Kanai M, Kawano K, Uehara S

机构信息

Department of Neurosurgery, Izumi Municipal Hospital.

出版信息

No Shinkei Geka. 1997 Jul;25(7):641-5.

PMID:9218259
Abstract

We report a case of foramen magnum meningioma in which case enhanced three-dimensional CT scan was valuable for preoperative evaluation of the surgical approach. A 53-year-old woman had suffered from stiffness and pain in the left occipital region and numbness of the left side of the face for about 2 years before admission. She had also weakness and numbness of the left side of her body for about 2 months before admission, and dysphagia and pain in the occipital region and in the posterior region of the neck produced by straining for about 1 month before admission. Neurological examination revealed left hemiparesis, and hypalgesia and tactile hypesthesia of the left side of the body, including the face. Plain X-P was normal. Enhanced CT scan and gadolinium enhanced MRI revealed a well-enhanced mass attached to the left anterolateral part of the foramen magnum. The left occipital condyle was observed at the lateral side of the attachment part of this mass. Angiography revealed tumor feeders from the meningeal branches of the left vertebral artery and the left ascending pharyngeal artery.
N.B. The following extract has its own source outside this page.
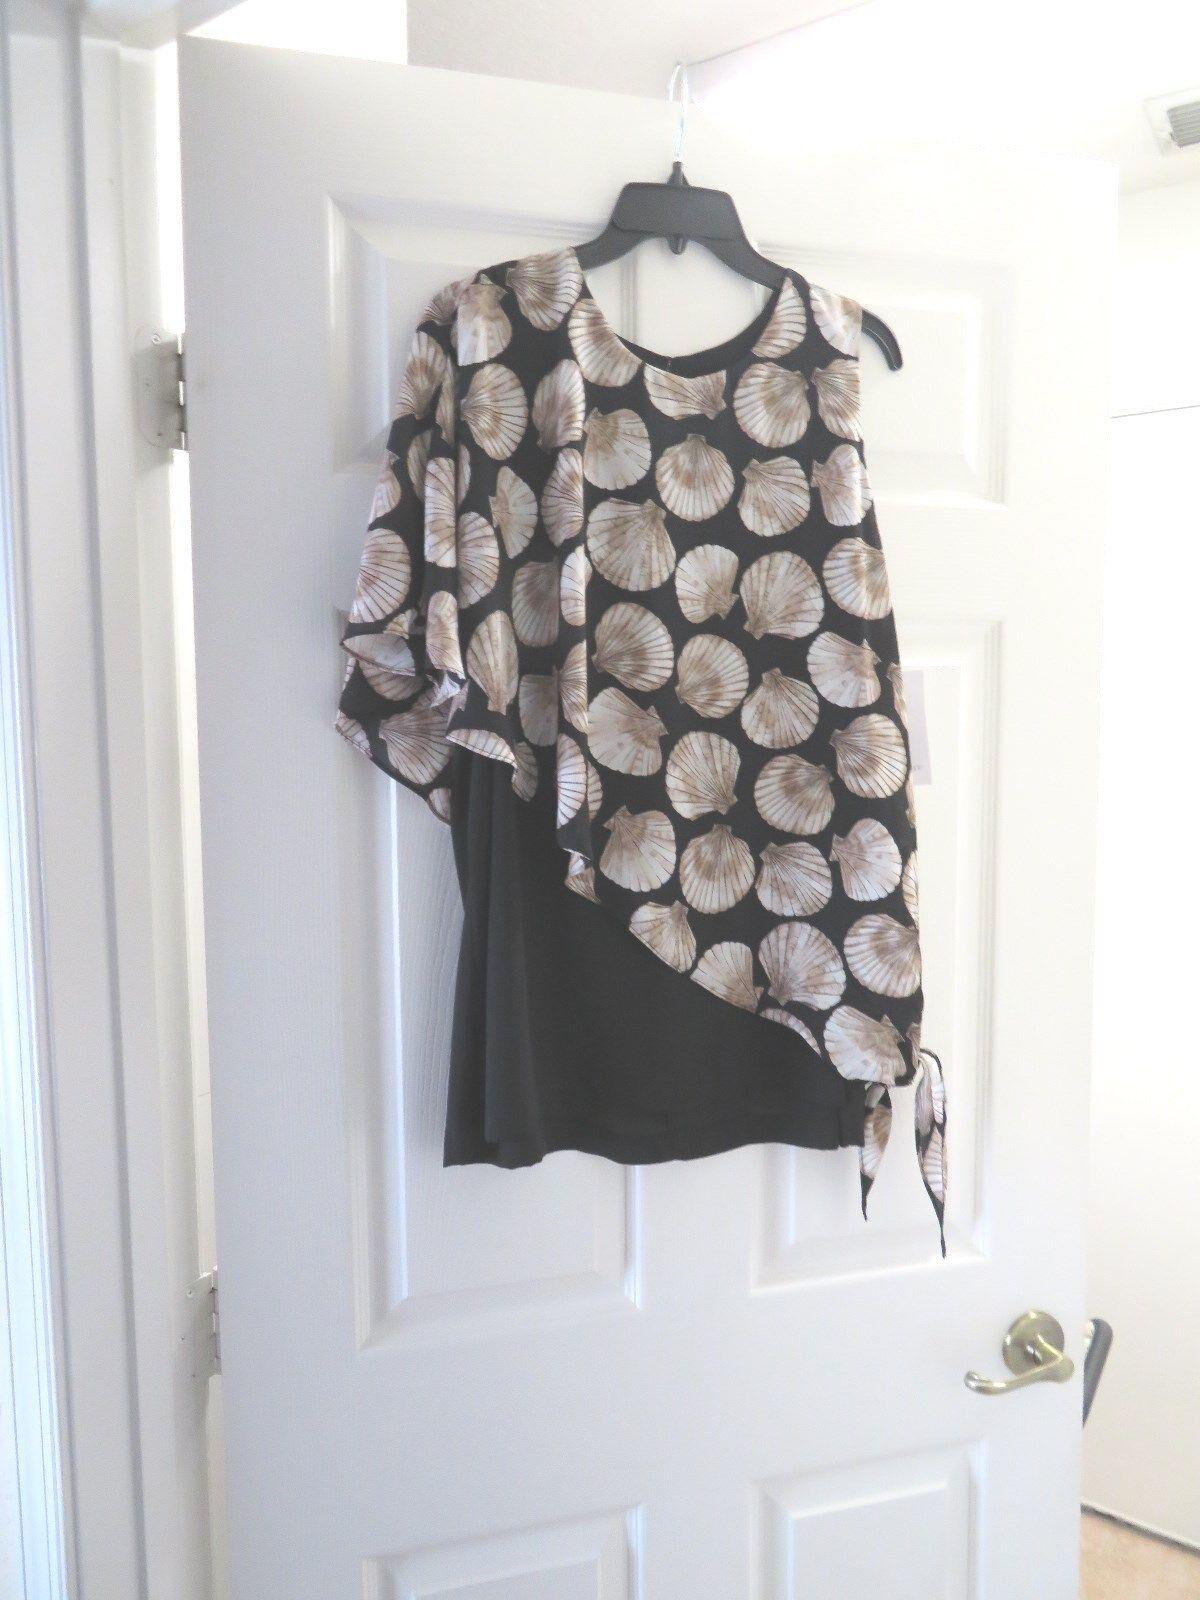 Karen Kane,Seashell, Layered ,,Unique,Short Sleeveless Top,XL,Tie At HipSlimming
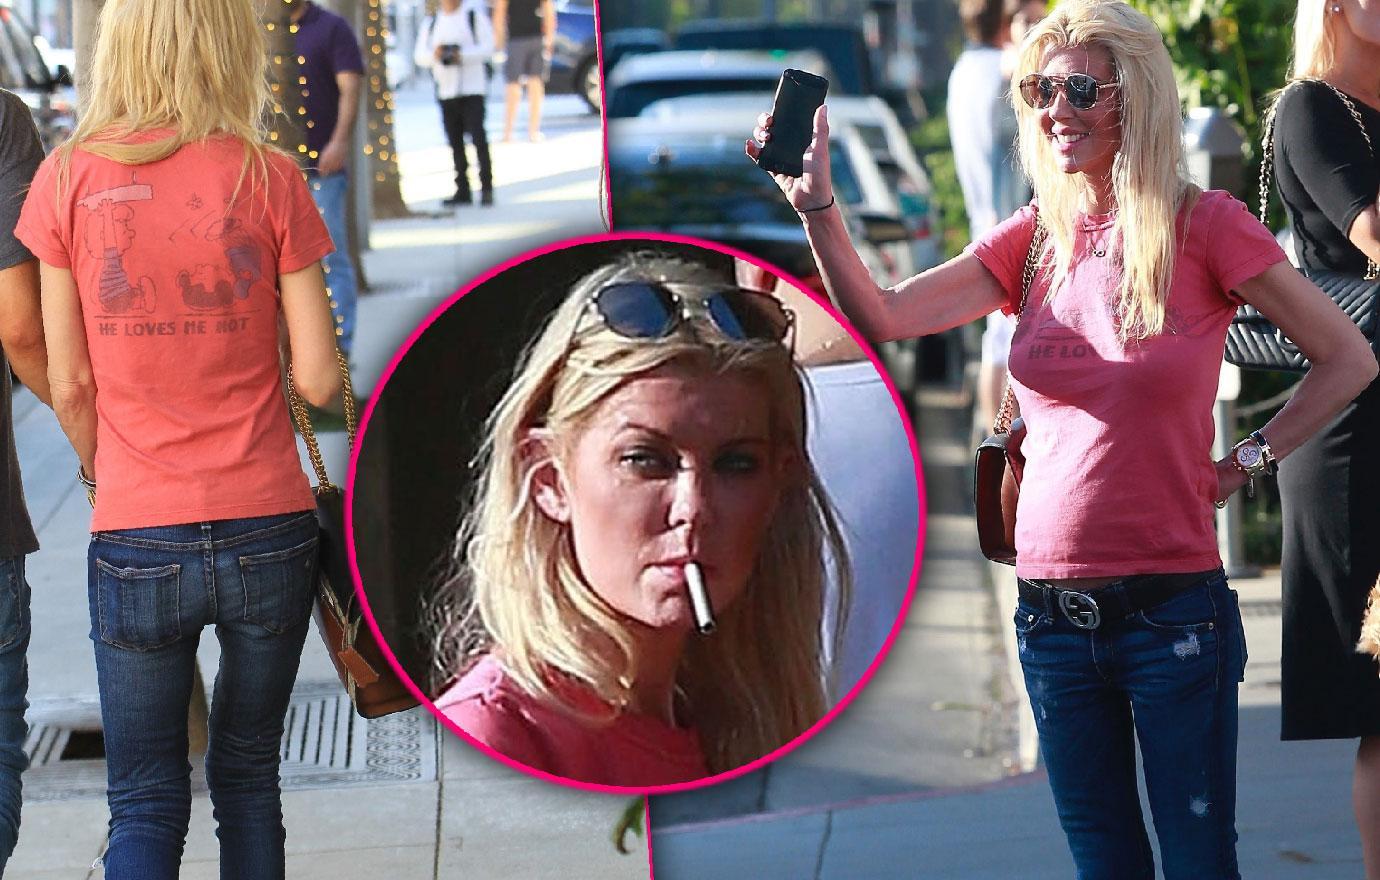 Tara Reid Looks Like Hot Mess Jewelry Shopping

Enhanced three-dimensional CT scan clearly showed that the tumor was attached to the left anterolateral part of the foramen magnum, that the left occipital condyle was at the lateral side of the attachment part of this mass and that the jugular foramen and jugular tubercle were situated superolateral to the attachment part of this mass. Considering these factors, we decided that removal of the posterior part of the left occipital condyle was necessary, but removal of the left jugular tubercle was not necessary for a good operative view from the left posterior lateral direction. The tumor was totally removed successfully and good results were obtained by the transcondylar approach without removal of the jugular tubercle. Histology of the tumor revealed meningothelial meningioma. In this case, preoperative evaluation with enhanced three-dimensional CT scan was helpful for deciding the surgical approach. With enhanced three-dimensional CT scan, it is easy to judge whether removal of the posterior part of the occipital condyle and/or the jugular tubercle is necessary for a good operative view, and we can get good images revealing the relationships between the tumor and surrounding structures. Preoperative evaluation with enhanced three-dimensional CT scan is very useful especially in this kind of situation.

摘要

我们报告一例枕骨大孔脑膜瘤病例,在此病例中,增强三维CT扫描对手术入路的术前评估具有重要价值。一名53岁女性在入院前约2年出现左枕部僵硬、疼痛及左侧面部麻木。入院前约2个月出现左侧身体无力及麻木,入院前约1个月因用力出现吞咽困难、枕部及颈部后方疼痛。神经系统检查发现左侧偏瘫,左侧身体包括面部痛觉减退及触觉减退。X线平片正常。增强CT扫描及钆增强MRI显示一个强化良好的肿块附着于枕骨大孔左前外侧部分。在该肿块附着部分的外侧可观察到左枕髁。血管造影显示肿瘤供血来自左椎动脉脑膜支及左咽升动脉。增强三维CT扫描清楚显示肿瘤附着于枕骨大孔左前外侧部分,左枕髁位于该肿块附着部分的外侧,颈静脉孔及颈静脉结节位于该肿块附着部分的外上方。考虑到这些因素,我们决定有必要切除左枕髁后部,但为了从左后外侧方向获得良好的手术视野,不必切除左颈静脉结节。通过经髁入路成功将肿瘤完全切除,未切除颈静脉结节也取得了良好效果。肿瘤组织学检查显示为脑膜内皮型脑膜瘤。在此病例中,增强三维CT扫描的术前评估有助于确定手术入路。通过增强三维CT扫描,很容易判断是否有必要切除枕髁后部和/或颈静脉结节以获得良好的手术视野,并且我们可以获得显示肿瘤与周围结构关系的良好图像。增强三维CT扫描的术前评估在这种情况下非常有用。